Bitmapped textures usually render much faster thanprocedural textures (depends a bit on the complexity of the procedurals, of course). Try a multi-level Bhodinut Fusion tree with 3D noise on many channels and see render times skyrocket.. :)
With bitmap textures, you could try the various interpolation methods (MIP/SAT/etc). If you can use NONE that is the fastest, but usually it is not usable.
Experiment away, and let us know the results!
Pate
brammelo
07-31-2003, 11:56 AM
Polygons vs Objects: it's actually the same story as instances. It's easier to edit Objects, because you have interesting attributes. But rendering is the same, because you have the same amount of polygons. After all, an object is just some piece of logic with a polygonal output.
I haven't seen it confirmed yet, but it might even be that Objects take a tadd longer to calculate, because there's a conversion step which isn't there with pure polygons - but I'm not sure about this one.
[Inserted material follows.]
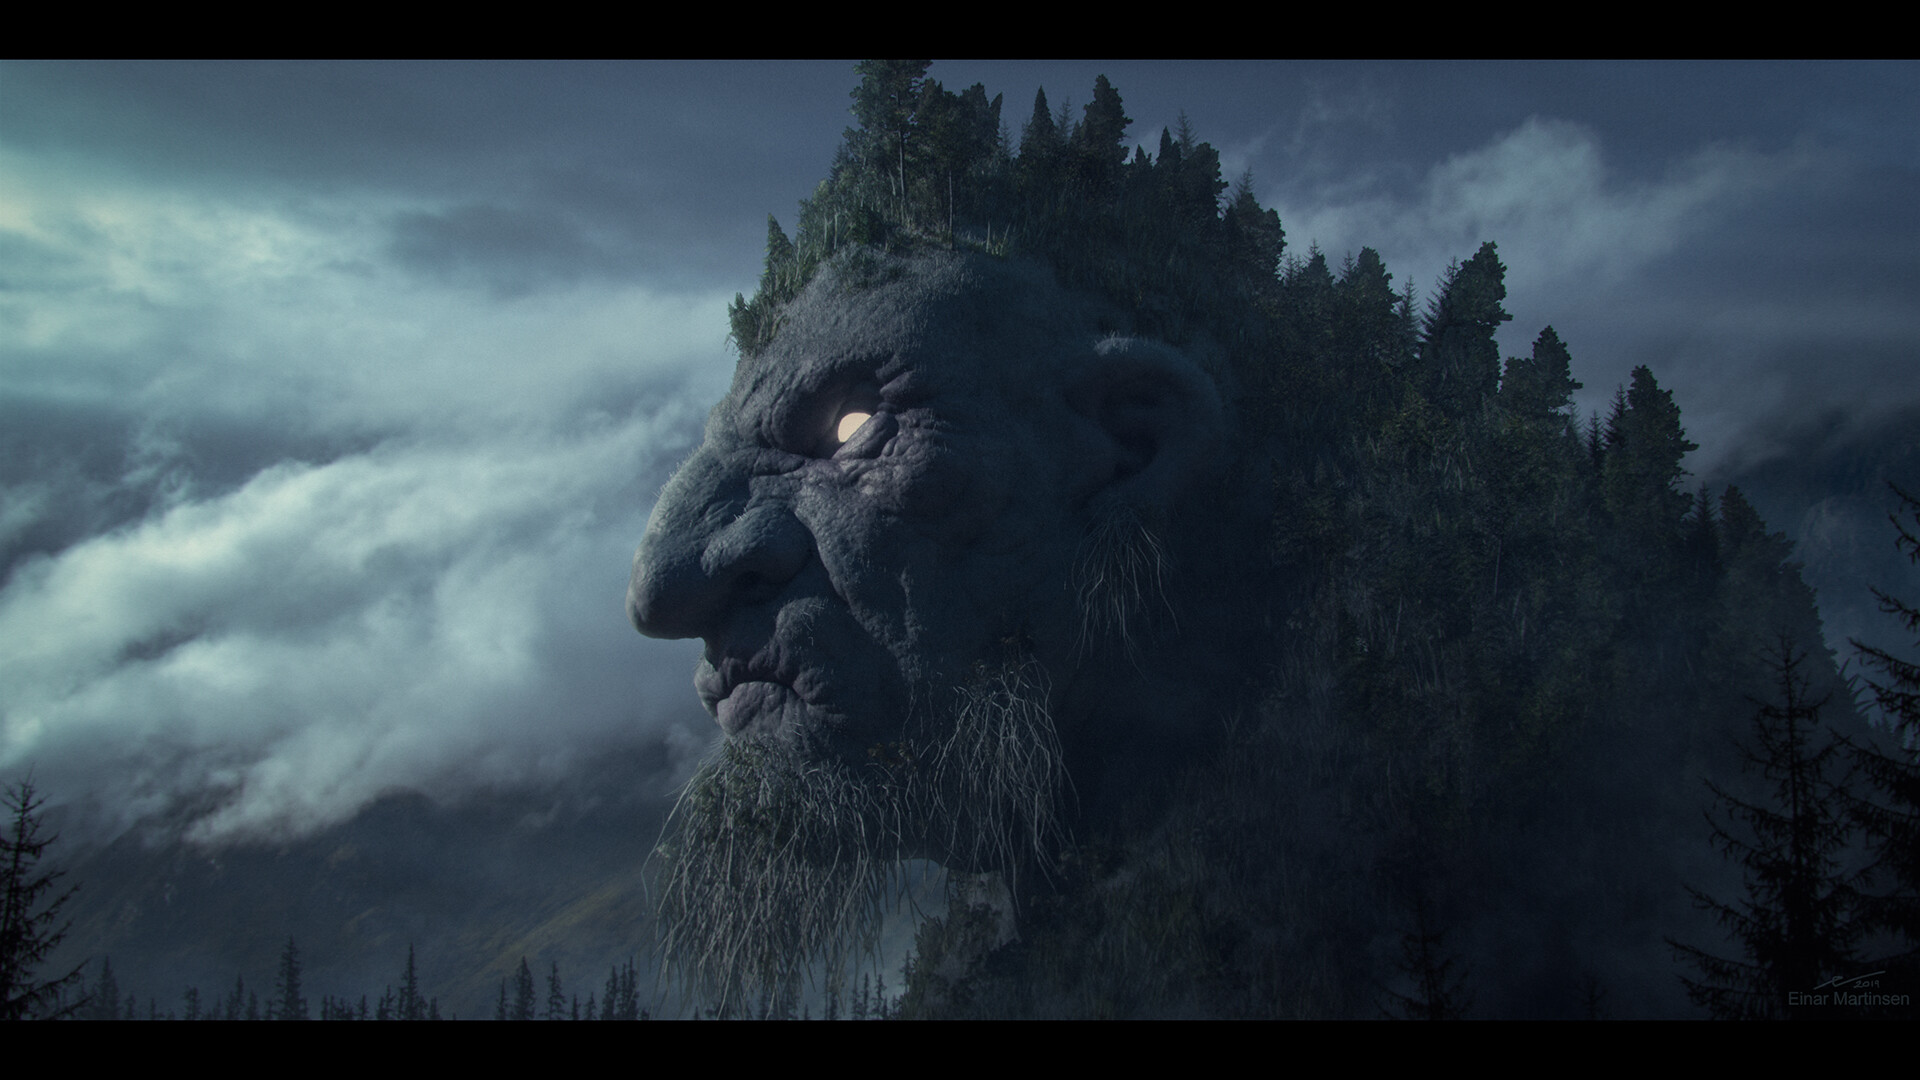 Einar martinsen viking troll em 01

What does change is the size of you file: polygons consume a lot more diskspace, which could mean that when working with polygons, you have less memory available - but again, I am not sure about that.
Those are actually questions Srek should answer - he's doing support for Maxon :)
Cheers,
BaRa
Thanks for the input Pate and Brammelo. I did some experiments last night with a model that I downloaded from noctua (his feurzeug: a lighter). I duped it 10 times (not instanced) and rendered: 2:28. I duped it 10 times as instances and rendered and again: 2:28. So there is definitely no advantage to instancing from the context of rendering. (I also couldn't see any particular advantage in the editor.) Given that, I'm sure that brammelo is correct also, that objects don't speed anything up in the render either.
So continuing from here, what is the point of instancing? I'm certainly missing something here. Srek? Kaiskai? Anyone?
MUST...LEARN...
brammelo
07-31-2003, 12:58 PM
It speeds up editing, not the refresh of the editor window. When you use instances and you want to change the shape of the object, you only change it once (the source object) and the instances follow.
If you didn't use instances, you'd have to change the copies one by one or you'd have to duplicate the changed source object again. So it's really about editing speed, not about redraw speed.
Cheers,
BaRa
Oh, of course! [Fleshy slap of hand on forehead] I misunderstood what you said before, brammelo. I've obviously been wasting some time with a lot of instancing when I should have been modeling. Glad I got that figured out now. Thanks to everyone for their help.